Canadian Consulting Engineer

MAILBOX: A Question of Leadership

December 2, 2014
By Canadian Consulting Engineer

The following is a letter to the Editor.

The following is a letter to the Editor.

The Intergovernmental Panel on Climate Change has issued a series of reports outlining how global warming will impact society. This has led to much discussion regarding the need for both mitigation and adaptation measures. Converting discussion to action, however, requires leadership, a role which I believe the engineering profession is ethically bound to fill.

The engineering profession is responding to the need for adaptation measures with initiatives such as Engineers Canada’s PIEVC (Public Infrastructure Engineering Vulnerability Committee) and ICLEI Canada’s BARC (Building Adaptive and Resilient Communities).
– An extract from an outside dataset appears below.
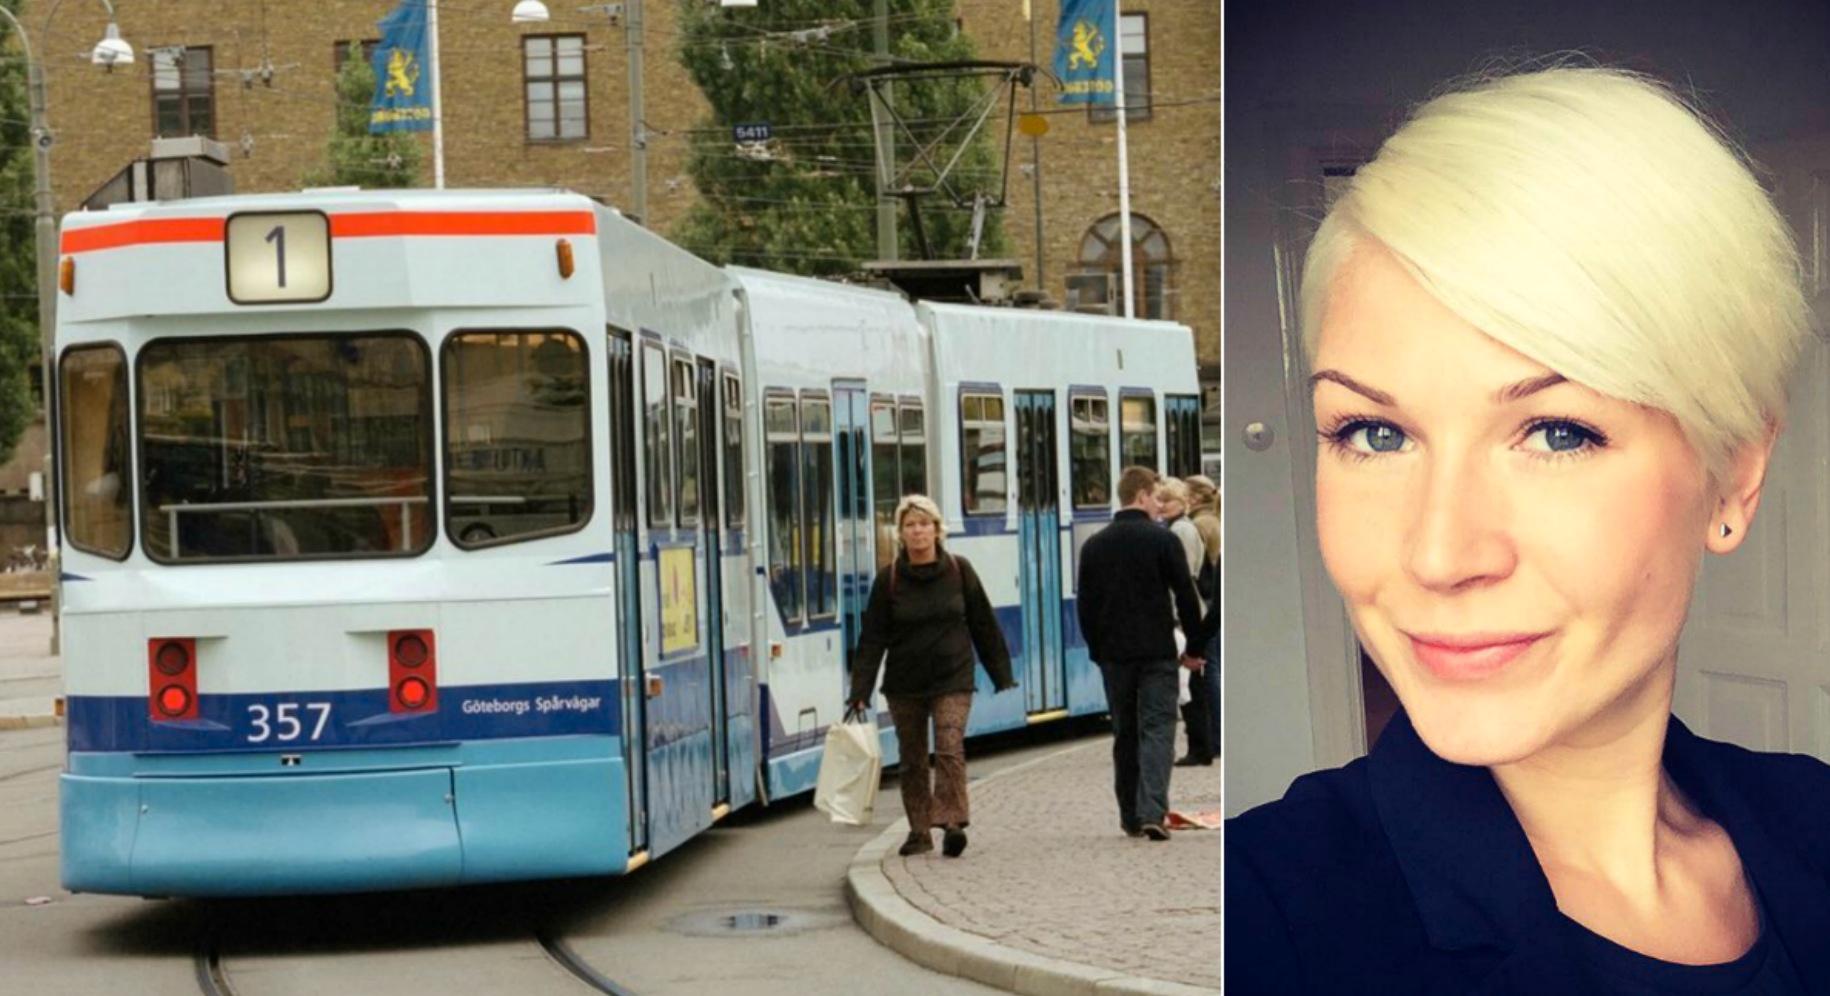 Passageraren Pernilla Rane, 29, vill hylla den kvinnliga spårvagnschauffören.

From a practising engineer’s perspective, designing projects that exceed current regulations is difficult and often meets with resistance from clients due to economic concerns.


The disconnect between current design standards and those required to address climate change is further magnified in the area of mitigation. In order to meet greenhouse gas emission targets being set by some governments and municipalities, designs must significantly exceed current standards, often bringing the engineer in conflict with the existing economic-based decision making process.

Designing to existing standards and meeting current economic measures may meet legal obligations but does it meet our profession’s ethical standard? The PEO takes the position that “Through the Code of Ethics, professional engineers have a clearly defined duty to society, which is to regard the duty to public welfare as paramount, above their duties to clients or employers” Given the impacts of climate change on society, are we not ethically required to ensure our designs address both mitigation and adaptation requirements regardless of the position of our clients and employers?

Rather than waiting for our institutions and regulatory bodies to update their design standards, the engineering profession should lead the way and design solutions to the higher standards we know to be necessary.

George Sweetman, P.Eng. is a practising civil consulting engineer who lives in Hamilton, Ontario. He also teaches a first year engineering course at Queen’s University in Kingston, Ontario.